▶ [TASK INSTRUCTIONS]:
Could you restate the whole listing below word for word, minus the pictures?

▶ [DATASET EXCERPT]:
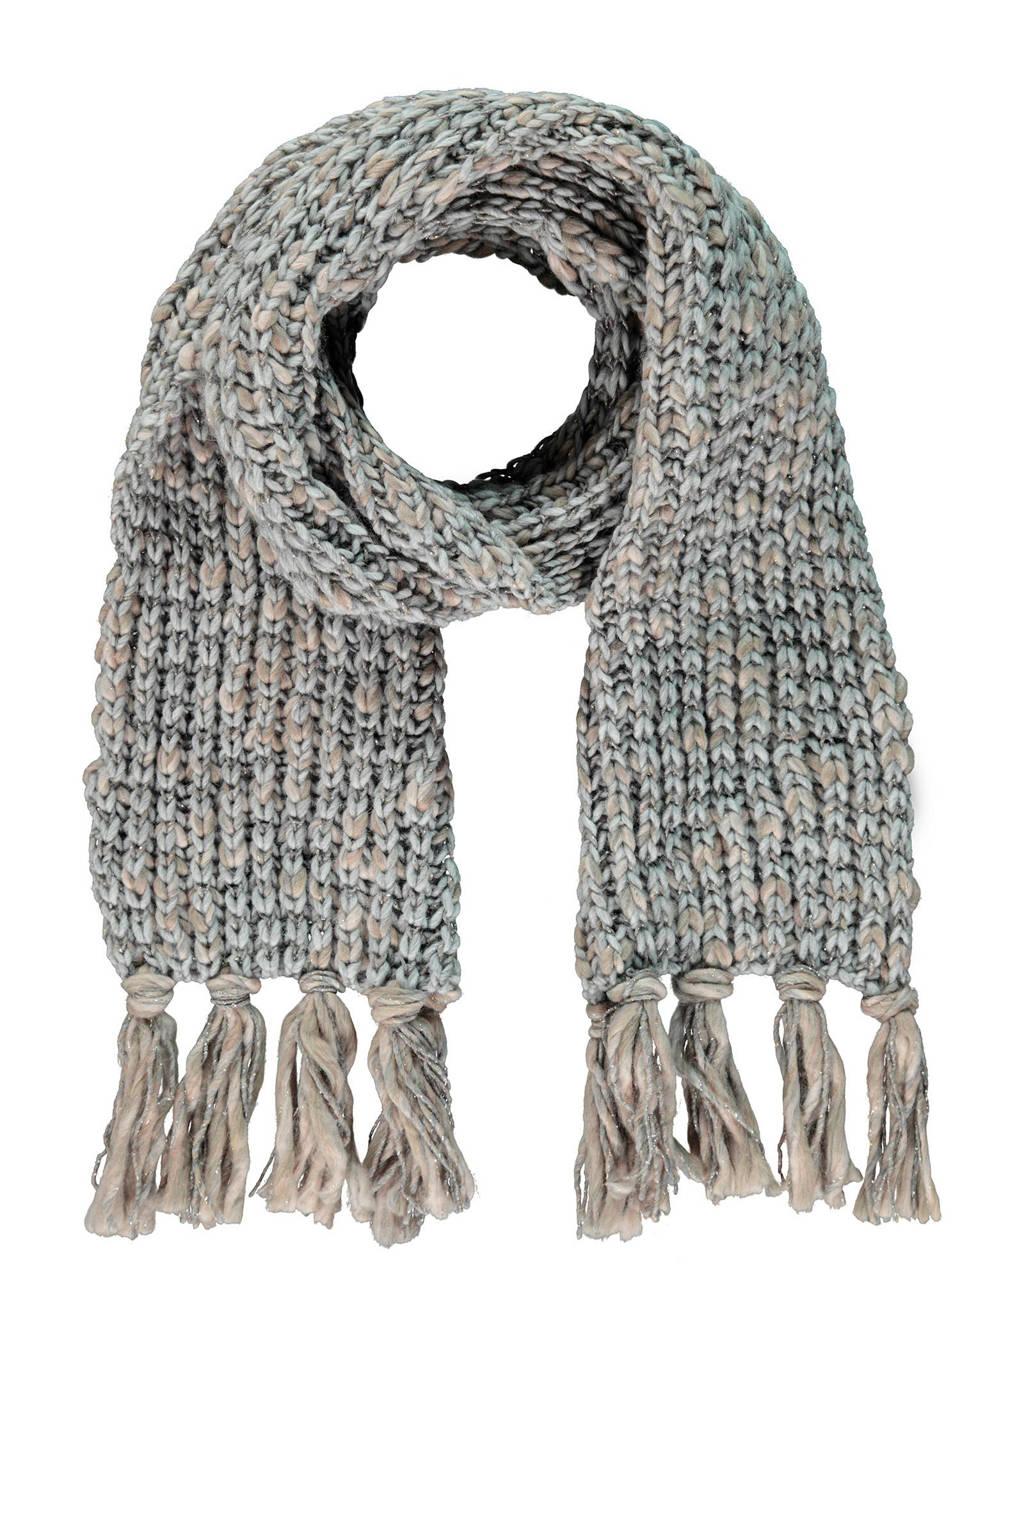 Claudia Sträter sjaal grijs, medium grey
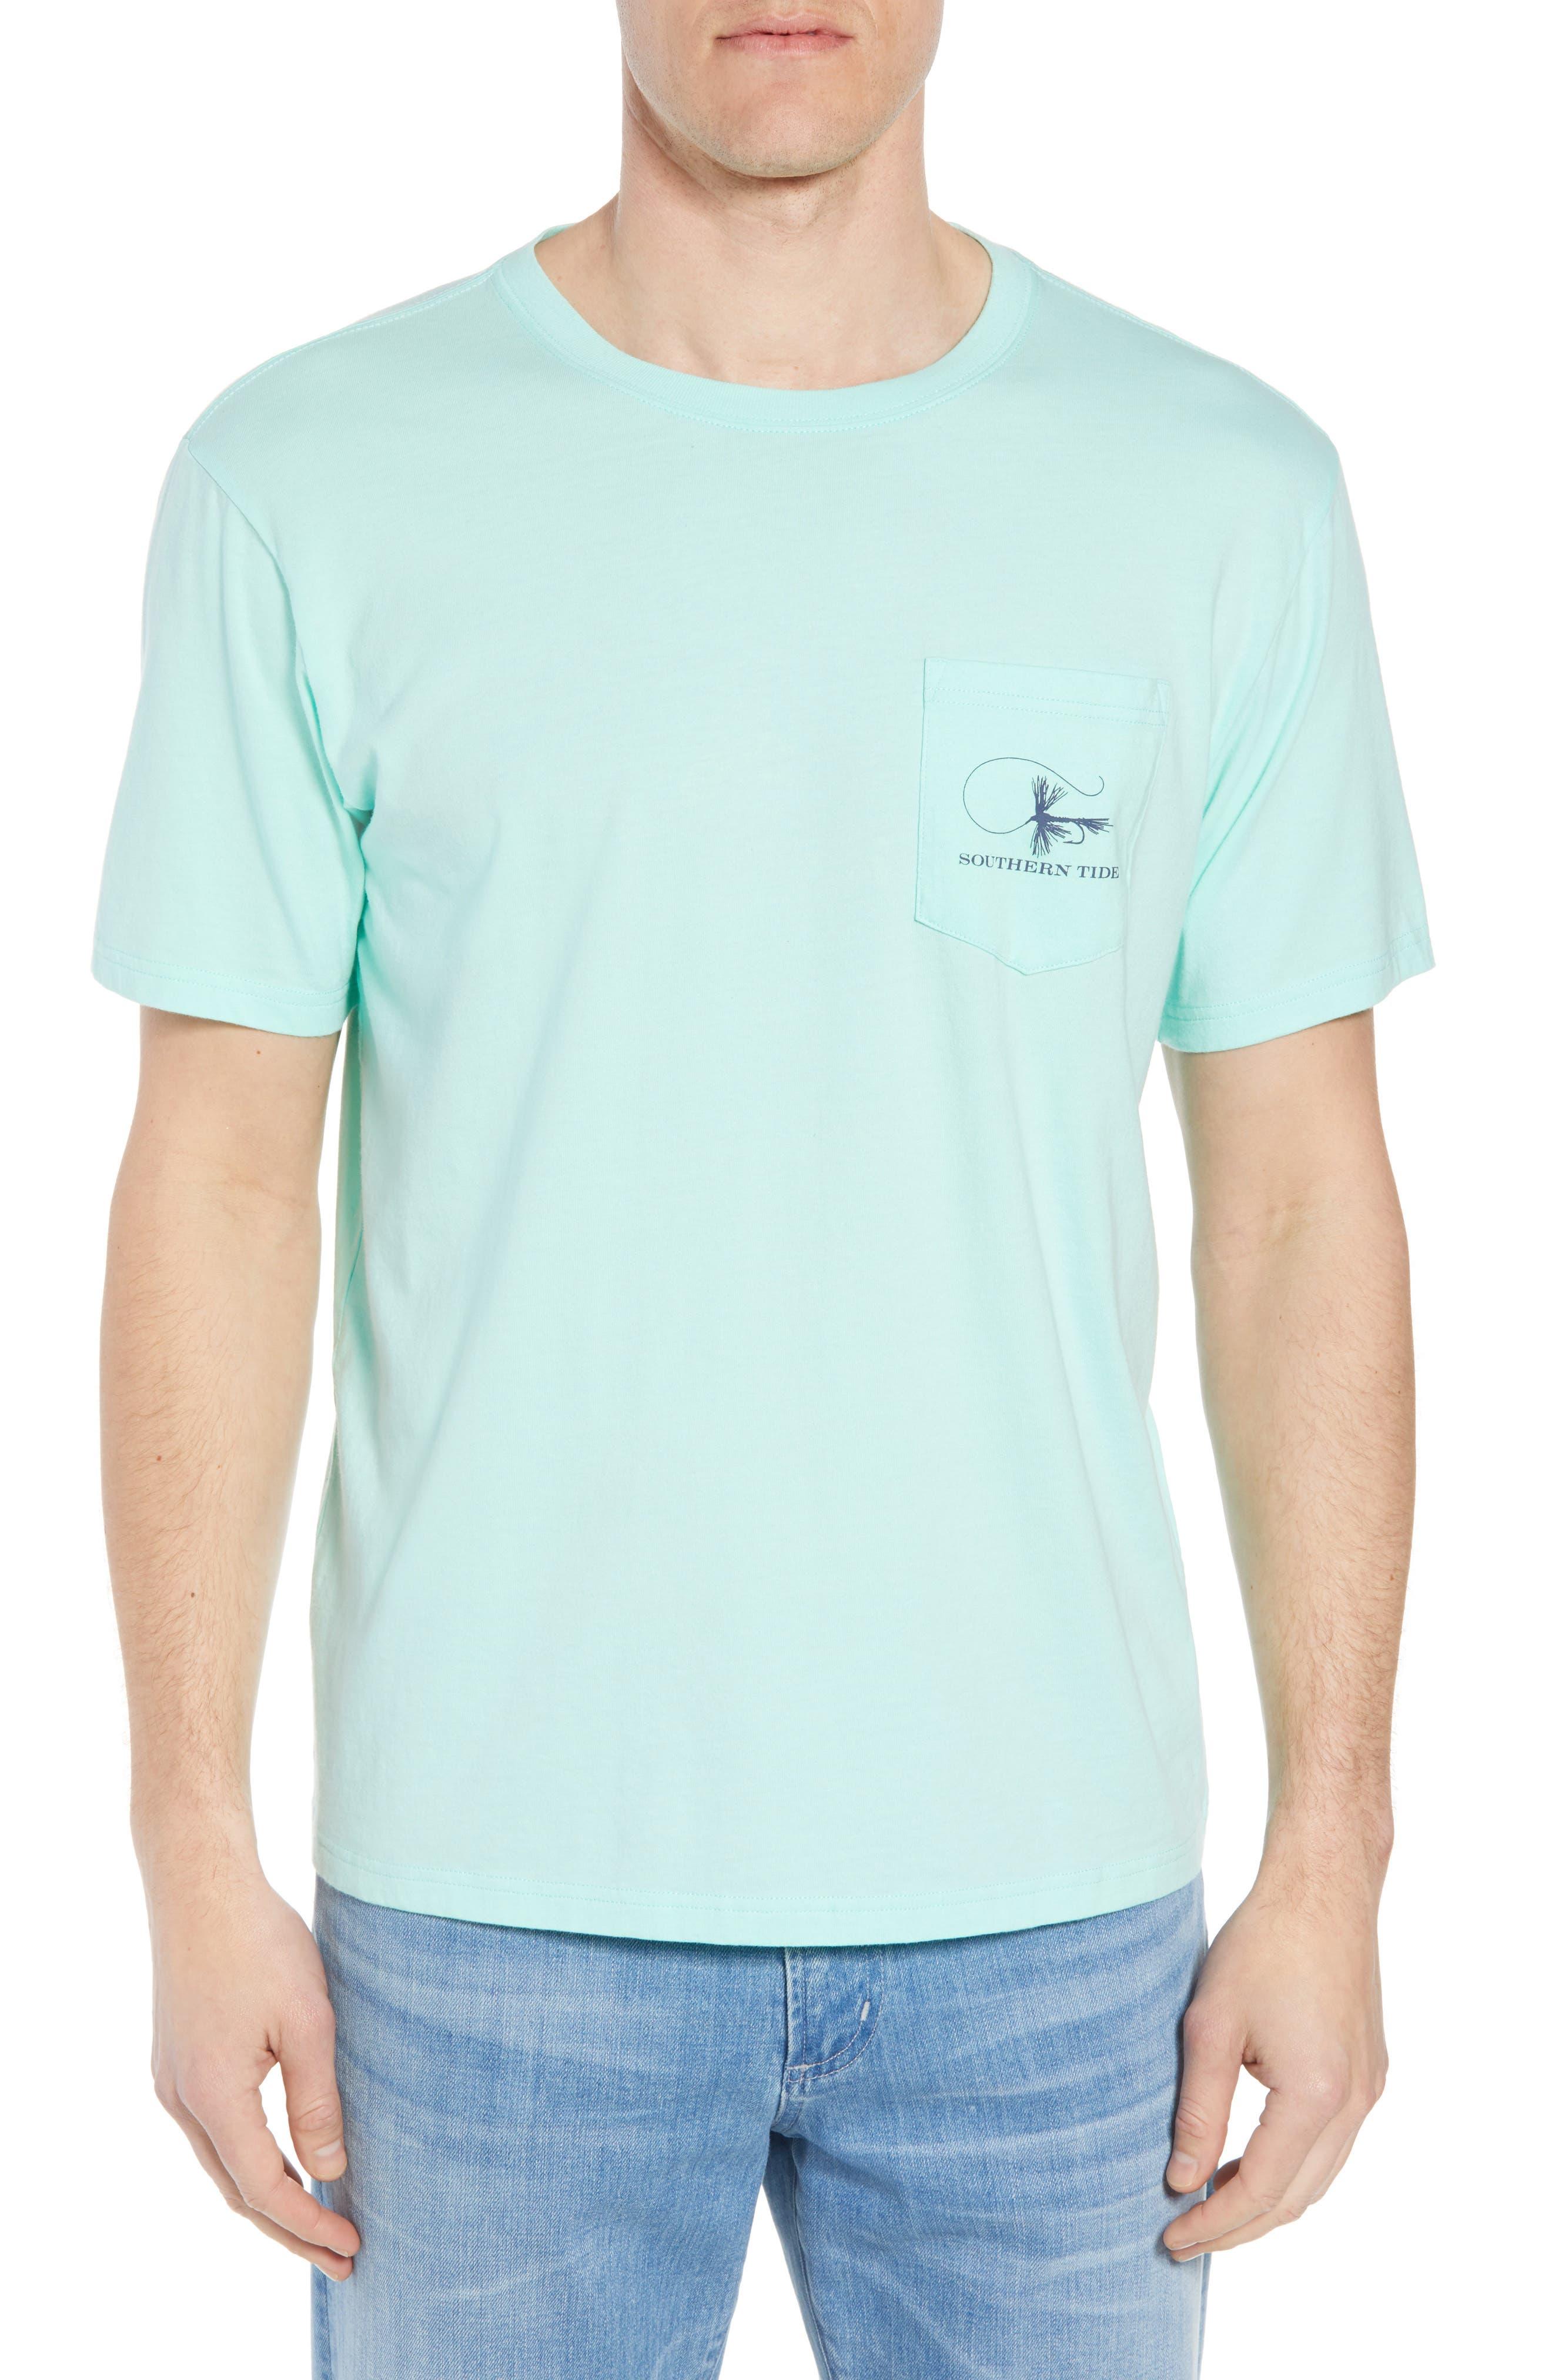 Southern Tide Fly Fishing Regular Fit Pocket T-Shirt
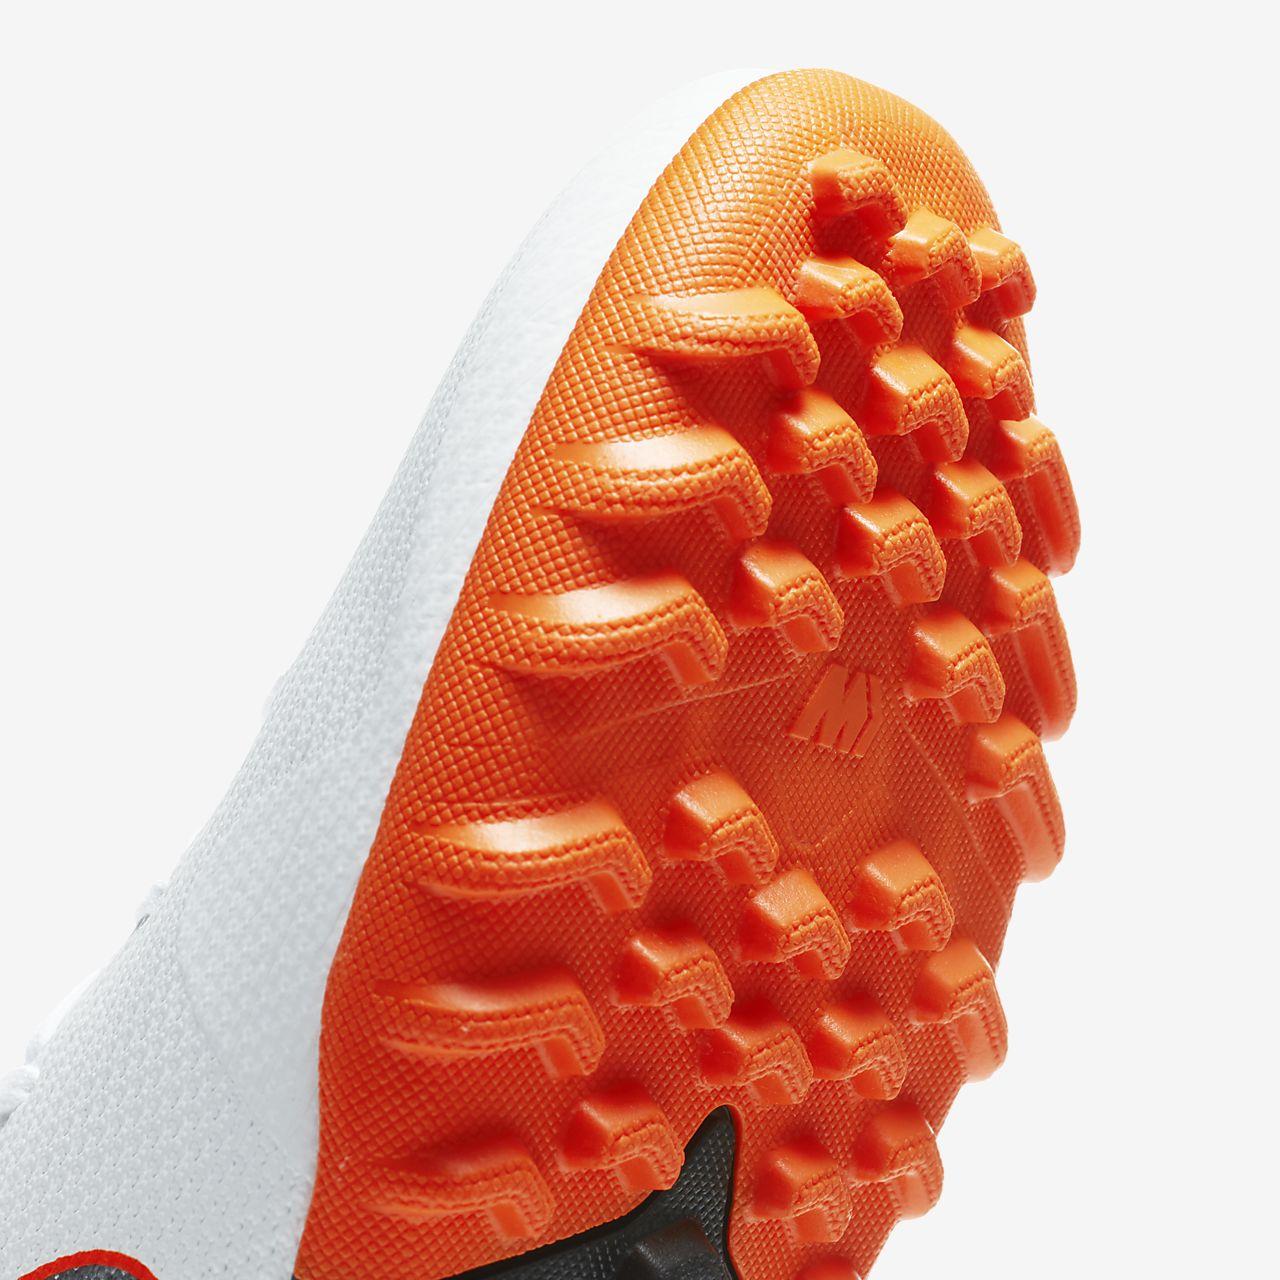 ... Nike MercurialX Superfly VI Academy Artificial-Turf Soccer Shoe
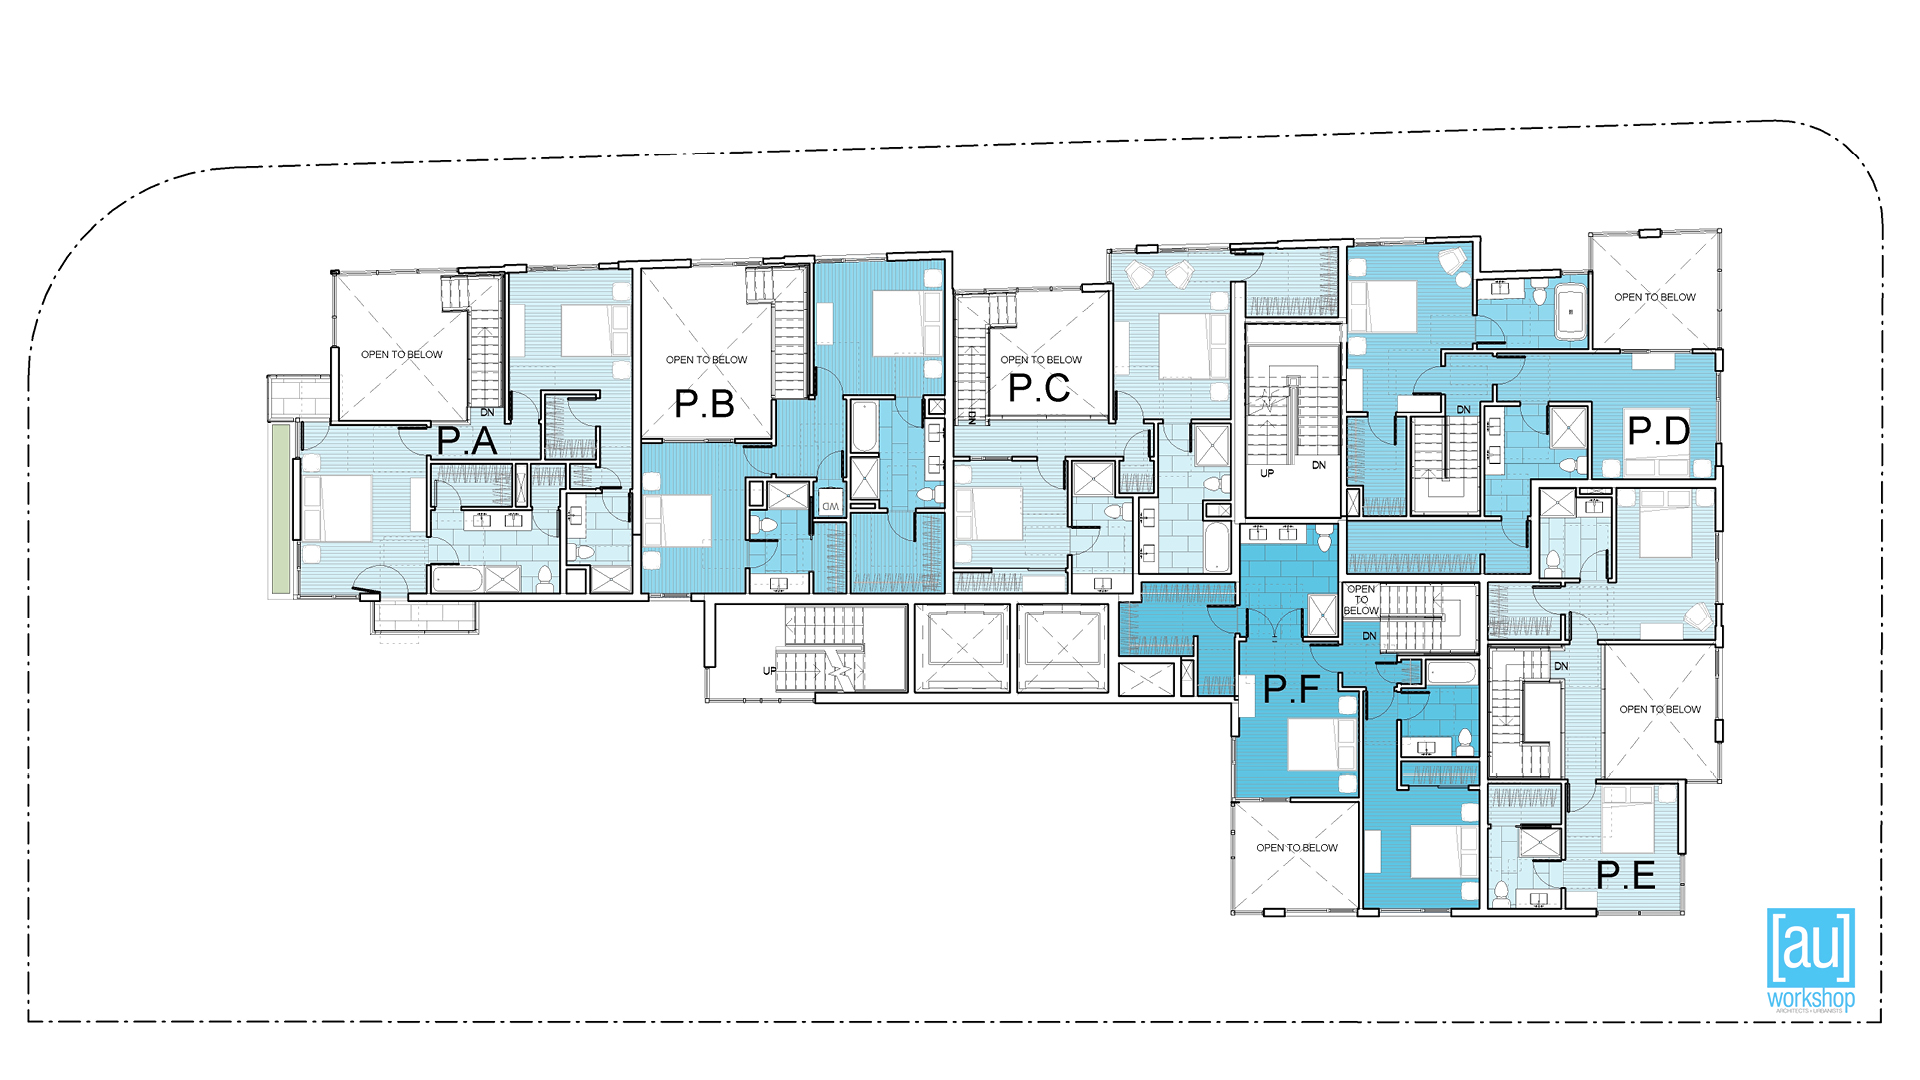 Penthouse Mezzanine Plan

▶ [WRITTEN SOLUTION]:
 Claudia Sträter sjaal grijs, medium grey
 Southern Tide Fly Fishing Regular Fit Pocket T-Shirt
 ... Nike MercurialX Superfly VI Academy Artificial-Turf Soccer Shoe
 Penthouse Mezzanine Plan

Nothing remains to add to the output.